I’ve always been a big advocate of storing things in the cloud. Not just emails and files, but my entire life. As I’ve written before, I live permanently in hotels, and my whole life fits into carry-on luggage. This means that the vast majority of things I “own”, or at least use, live in the virtual space.
I rent Zipcars in London and San Francisco. I use Hulu (or iPlayer in the UK) for TV and Netflix (/Lovefilm) for movies. My music lives on Pandora, and Last.fm and – yep – Spotify.
My personal information too, lives largely in the cloud: I bank online, I pay taxes electronically and for anything that has to be sent my regular mail, I keep a virtual mailing address at a London members’ club. For email, voice and SMS I use Google Voice, forwarding to whichever SIM card I happen to be using, wherever I am in the world.
Recently, though, I’ve started to have second thoughts about the wisdom of the cloud.
Partly it’s a question of data paranoia. Starting January 1st, I switched from Google Calendar back to a paper calendar (or diary, as we call them in the UK) after becoming increasingly frustrated in trying to get my schedule to sync reliably with my Blackberry. I try to avoid relying on email for important conversations, but if I did I’m not sure I’d trust Gmail for long-time storage needs. It’s early days (literally) but there’s something really nice about writing down an appointment in a book.
More seriously though, I’ve been growing increasingly alarmed by stories like this: the US government subpoenaing Twitter (and reportedly Gmail and Facebook) users over their support of Wikileaks. The casual use of subpoenas, including against foreign citizens is worrying enough – the New York Times says over 50,000 “national security letters” are sent each year – but even more concerning is the fact that often these subpoenas are sealed, preventing the companies from notifying the users they affect.
It used to be that if the US government wanted access to documents or letters in my possession they’d have to subpoena me directly. As a foreign citizen there are all sorts of ways I could fight the request – and it was at least my choice whether to do so. As someone living in the US I also had the whole weight of the 4th Amendment on my side. Now, with everything in the cloud, the decision whether to hand over my personal information is almost entirely out of my hands. And unless, as happened with Twitter, the company storing my data decides to fight for openness on my behalf, there’s every possibility that I won’t even hear about the request until it’s too late. That’s just not how things should work in a free society.
Of course, it remains statistically unlikely that I’m going to be the subject of a subpoena any time soon. I’m hardly an enemy of the state.

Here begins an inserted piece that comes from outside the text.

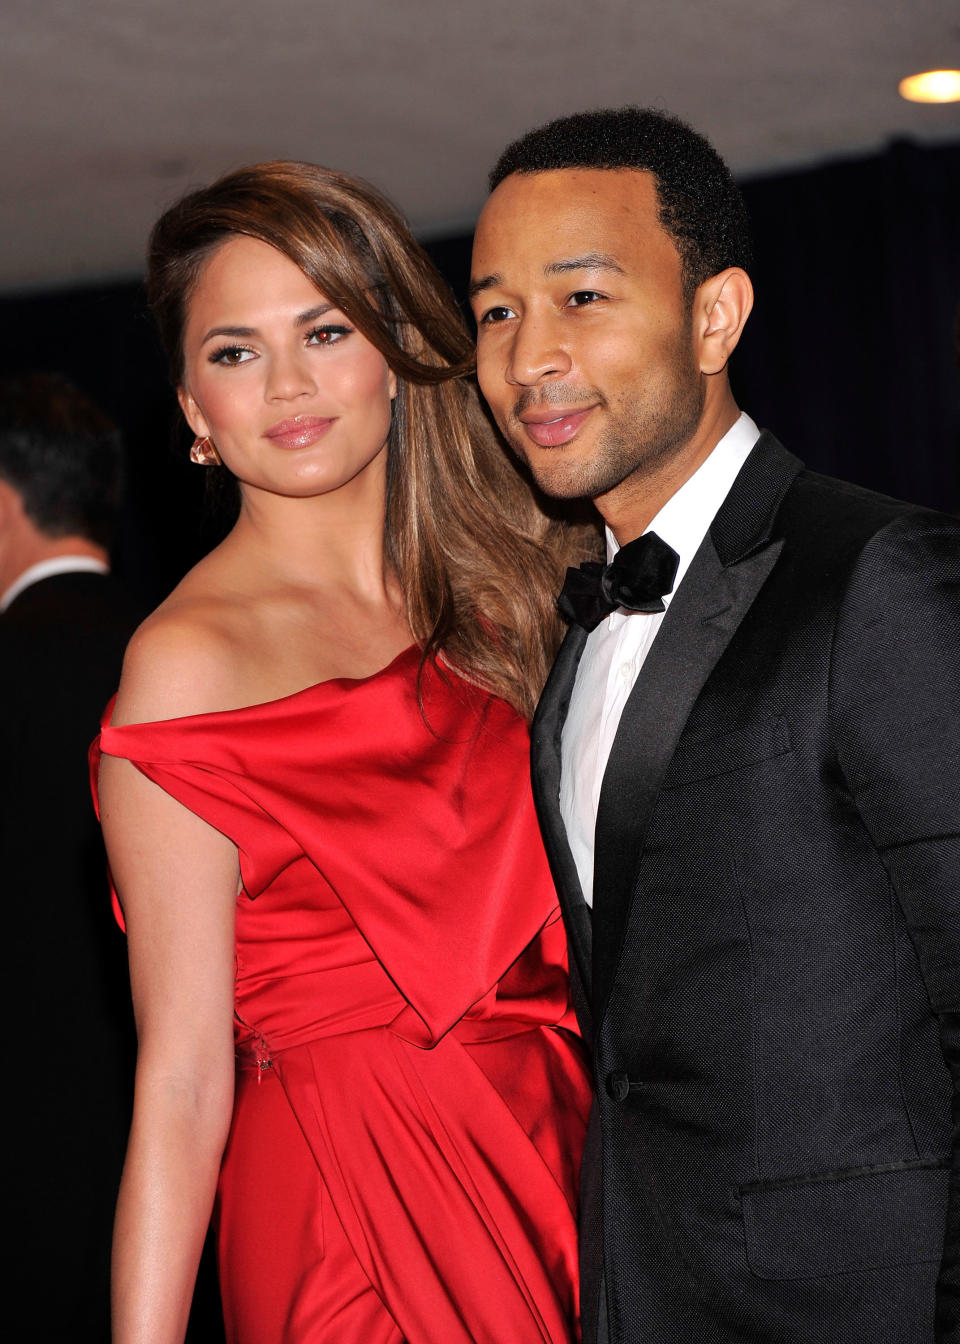 WASHINGTON, DC - APRIL 28:  John Legend and Chrissy Teigen attend the 98th Annual White House Correspondents' Association Dinner at the Washington Hilton on April 28, 2012 in Washington, DC.  (Photo by Stephen Lovekin/Getty Images)

But then again, until recently, neither were many of the supporters of Wikileaks. Who’s to say that an innocuous organisation I give support to today won’t suddenly become highly controversial tomorrow?

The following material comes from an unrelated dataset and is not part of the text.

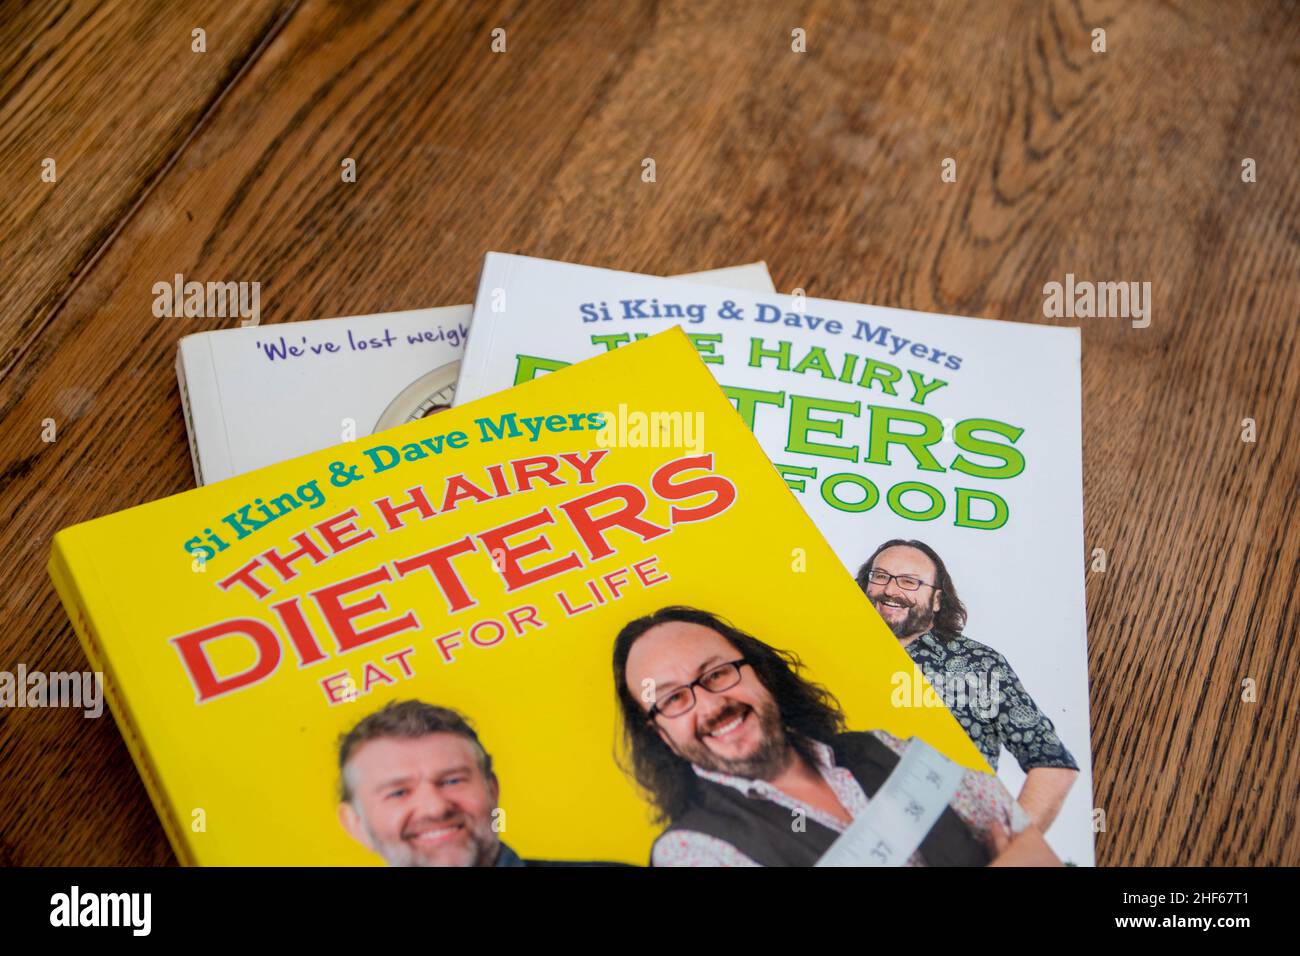 Durham, UK - 20 Nov 2020: Si King and David Myers Hairy Dieters celebrity cook book by the Hairy Bikers. Celeb chefs teach how to cook real food but s Stock Photo

For that reason, I’m giving serious thought to the idea of taking my communications back out of the cloud: switching back to a traditional email client and storing my documents on my encrypted hard-drive. Maybe relying a little less on text messaging and a little more on old school voice conversations. Possibly ever writing the occasional pen-and-paper letter.
Sure, it’ll have to make sure I back up regularly and I’ll miss the convenience of having my documents available wherever I am. But increasingly that feels like a small price to pay for the confidence in knowing who else is trying to pry into my life.